Source data:
=== Begin Enclosure ===

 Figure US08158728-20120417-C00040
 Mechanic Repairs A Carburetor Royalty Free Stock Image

=== End Enclosure ===
=== Begin Enclosure ===

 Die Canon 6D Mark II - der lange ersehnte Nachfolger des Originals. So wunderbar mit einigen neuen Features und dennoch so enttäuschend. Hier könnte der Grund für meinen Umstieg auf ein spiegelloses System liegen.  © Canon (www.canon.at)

=== End Enclosure ===
=== Begin Enclosure ===

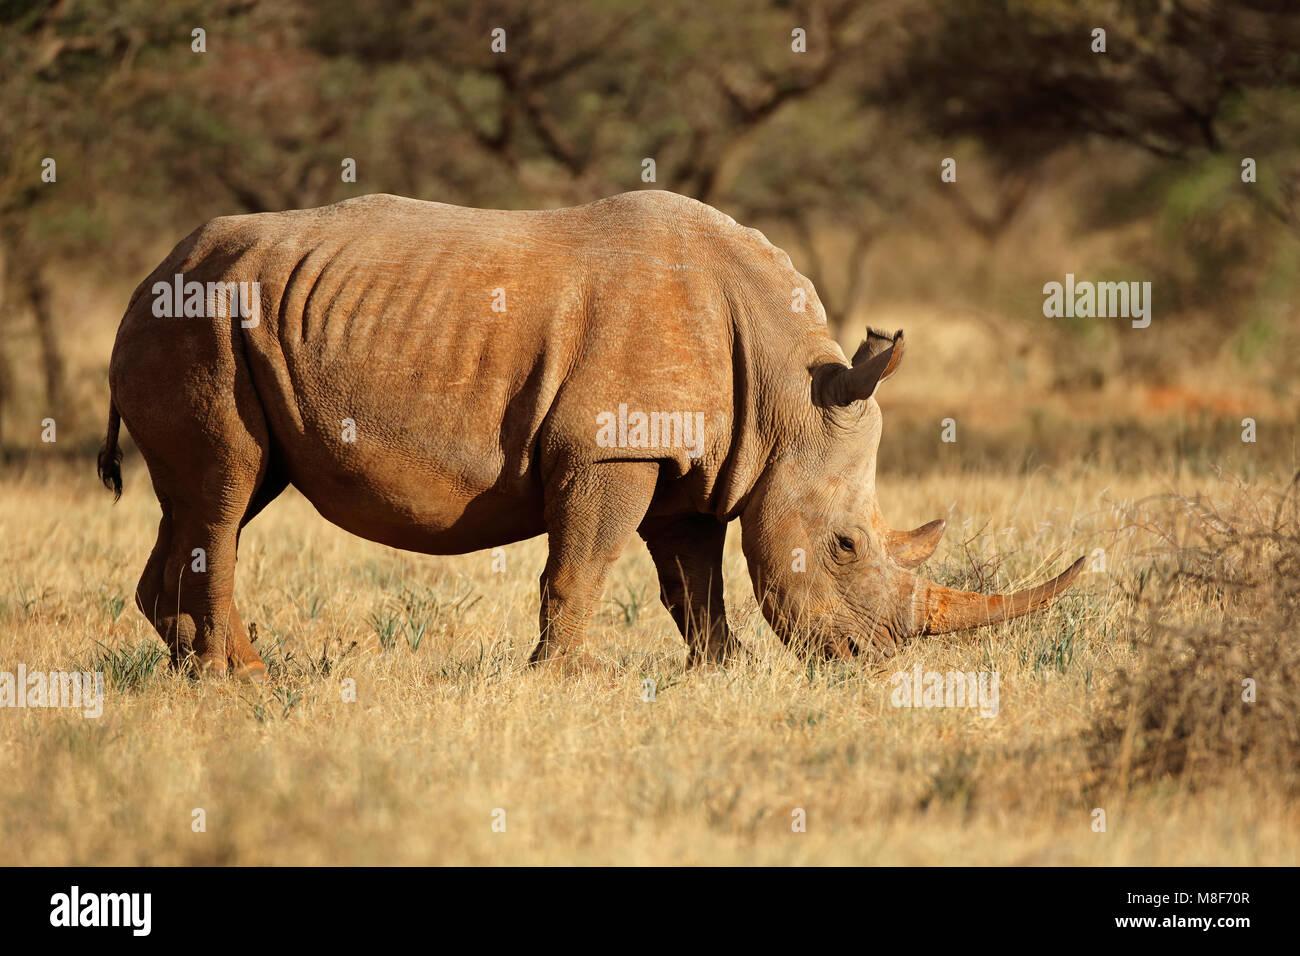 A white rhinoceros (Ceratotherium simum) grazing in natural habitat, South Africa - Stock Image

=== End Enclosure ===

Task prompt: Find the line with "Figure US08158728-20120417-C00040" in the entries above. Retype it and each line after it, exactly, through the line with "Mechanic Repairs A", and stop there.

Answer section:
 Figure US08158728-20120417-C00040
 Mechanic Repairs A Carburetor Royalty Free Stock Image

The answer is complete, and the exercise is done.